色味はどれも似たり寄ったりでなかなか特長を出しづらく、それなら何かアクセントを付けようと思ってもステッカーぐらいしか手立てはない。ロゴ刻印は平面的で無個性な物が多い。これをどうにか出来ないだろうか。レイズの挑戦は続く。
新作モデルのTE037 6061や、TE372B、ZE40TA ll は、2020年限定バージョンとしてREDOT(アールイードット)モデルをリリースした。REDOTとはレイズが独自に開発した塗装技術のことで、ステッカーには出せない質感の高さをアピール出来るのが特長。先のモデルで言うと、リムに走っているマシニング+カラーリングで構成されるシルバー×レッドのラインがそれだ。
ラインを入れる技術もさることながら、そのデザインも斬新だ。TE037 6061の場合、3つのラインを描くが、それぞれに長さが違う。パッと見た時の意外性と同時に、走行時によりエモーショナルな動きになるように考えられたデザインなのだ。
ZE40 TA ll は、シルバー×レッドの矢印とシルバー単色の矢印が対になった意匠。「技術的にはどんどん難易度を上げています。工場からしたら辛いかもしれないけれど(笑)、やっぱり美しい物を作りたいし、お客サンに『すげ〜!』と言ってもらえる物を提供したいですからね」。
立体的な文字を曲面で表現する高技術
リムやスポークに刻まれるロゴも、レイズオリジナルの特許技術によるもの。アドバンスド・マシニング・テクノロジー、通称A.M.T.は、繊細なデザインを三次元の曲面状でも再現出来る切削技術。これもレイズならではの特許技術だ。
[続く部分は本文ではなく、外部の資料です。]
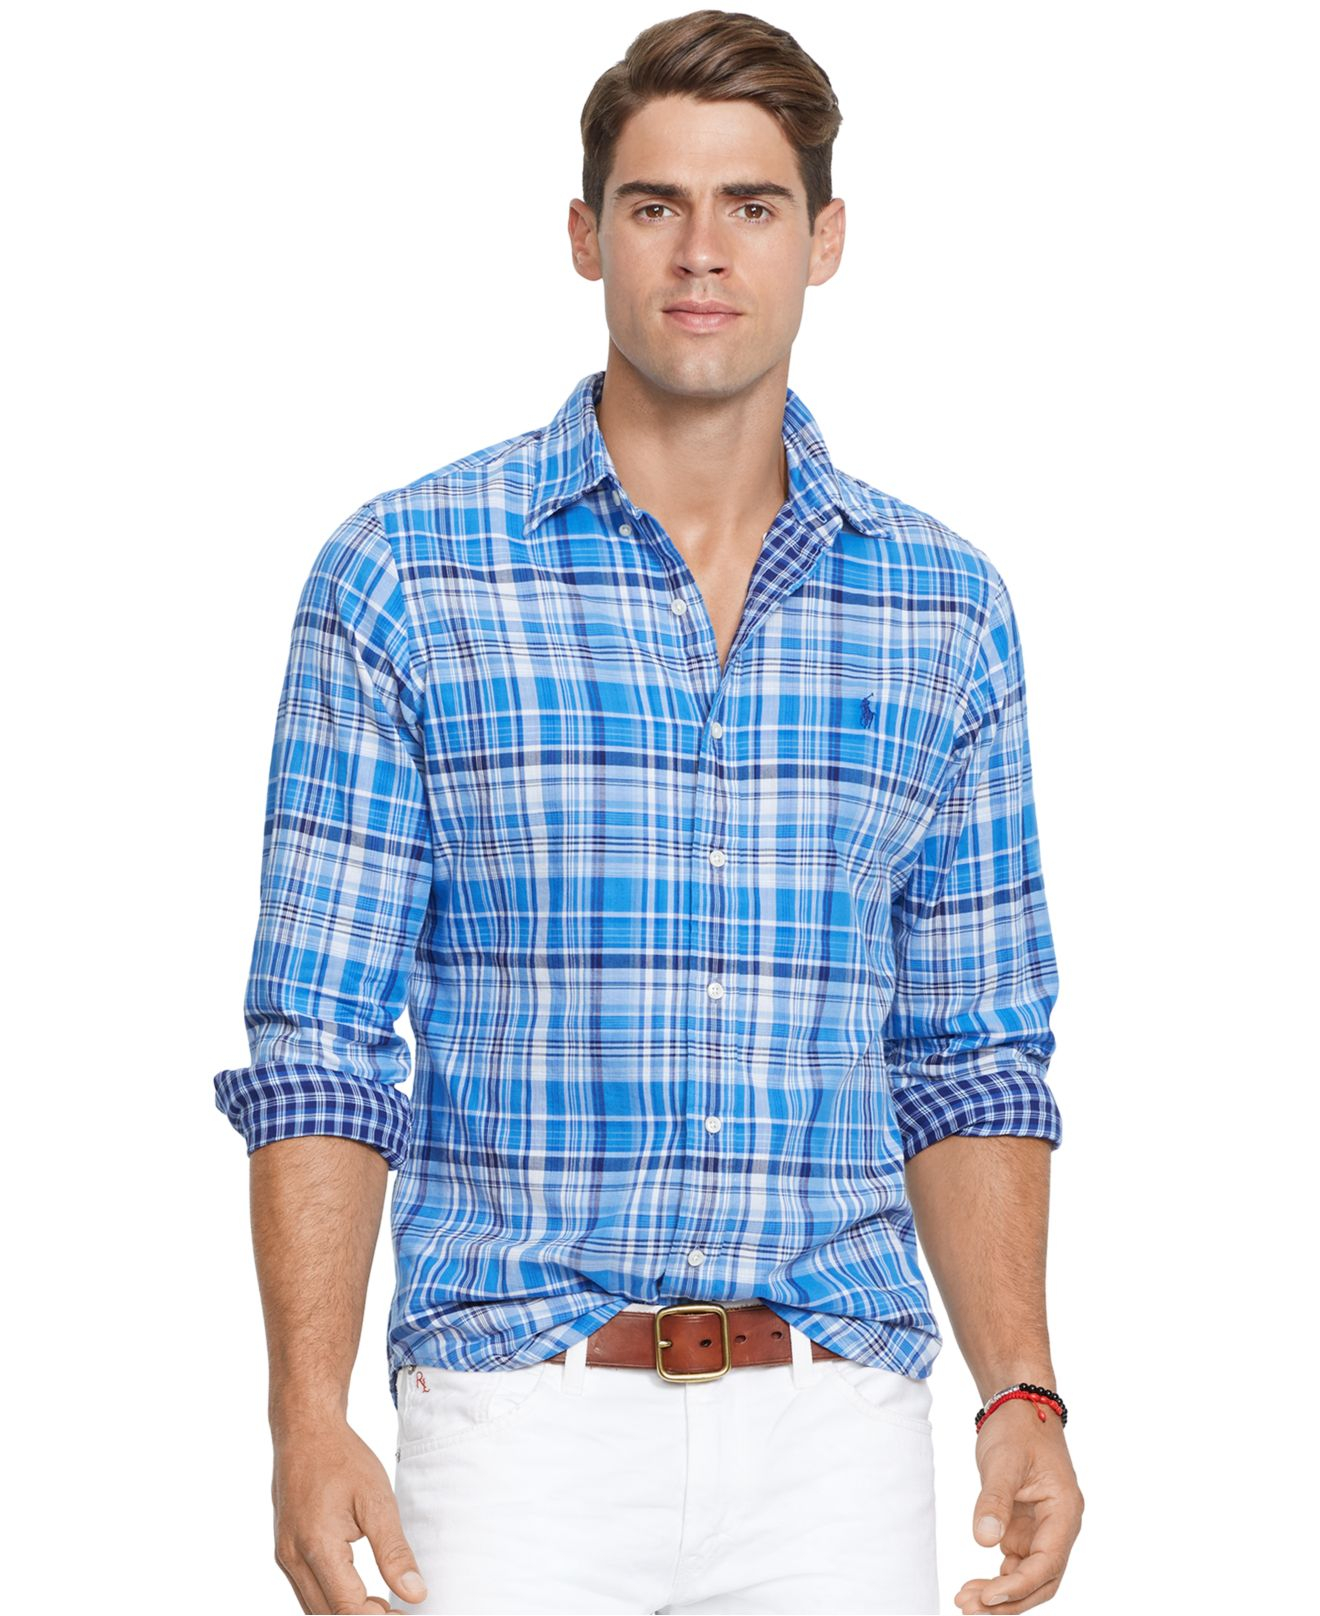 Lyst - Polo Ralph Lauren Double-Faced Plaid Oxford Shirt in Blue for Men

ブランドロゴやクレジットを立体感のある文字で彫り込むことで、見る角度、光の当たり具合により表情と輝きが変化する。誇り高きブランドロゴに一段とステイタス性を持たせた、ファンには嬉しい技巧である。
クリアを使った色の見せ方にも技あり
今年の新作では、ベースカラーにも特長がある。たとえばTE37 6061では、ダークブルークリアをラインナップ。5コート・5ベイクで、黒を塗装した後一度クリアで押さえてから、その上にブルーコートを塗った手の込んだ塗装法で仕上げている。
「青色を感じさせるという意味では無く、黒をいかに際立たせるか。下の黒が透ける青を加えることで、紺碧というか、深い色合いになるんです」。光の当たり方によって、同じホイールのスポークでも絶妙に色味が違って見える。塗れたような艶やかなブラックから、時折ブルーが輝き、ハッと目が止まる。
TE37 KCRでは、マットレッドを採用
「普通の赤にマットをかけると、工事現場の工具のような、高級感とは無縁の色になる。そこでキャンディレッドを塗って、そこにマットクリアをかける。『何でキャンディで光らせたのに、わざわざマットやねん』って思うでしょう(笑)。ところが実際にやってみるとカッコイイ。大人の赤が出来たんですね」。
そんな試みが出来るのは、やはり塗装も全て自社でやっているレイズの強みである。
「たとえばiPhoneのガンメタみたいな色は作れないのかとか、マット感も出しすぎると粗野になるから、5分艶ぐらいのマット感を目指そうとか、そういうことを社内で出来るので、何度もチップを作って確認しながら出来る。ブルークリアにしても、このホイールに塗っても色が活きないとかっていうのもあって、あれも3、4本別デザインで試しているんですね。そうした表に出していないサンプルは山ほどある。色々試していくうちに、奇蹟の集まりのようにして、ピタッと全てがはまる完成形が出来るんです」。
これまで性能面の高さで語られることが多かったボルクレーシングであるが、近年今まで以上に「見える技術」も重要視して、ドレスアップ要素もグレードアップを図る。走り好きはもちろんのこと、ショーカーのように見せたいカスタムユーザーにとっても、やっぱり見逃せないブランドであることは間違いない。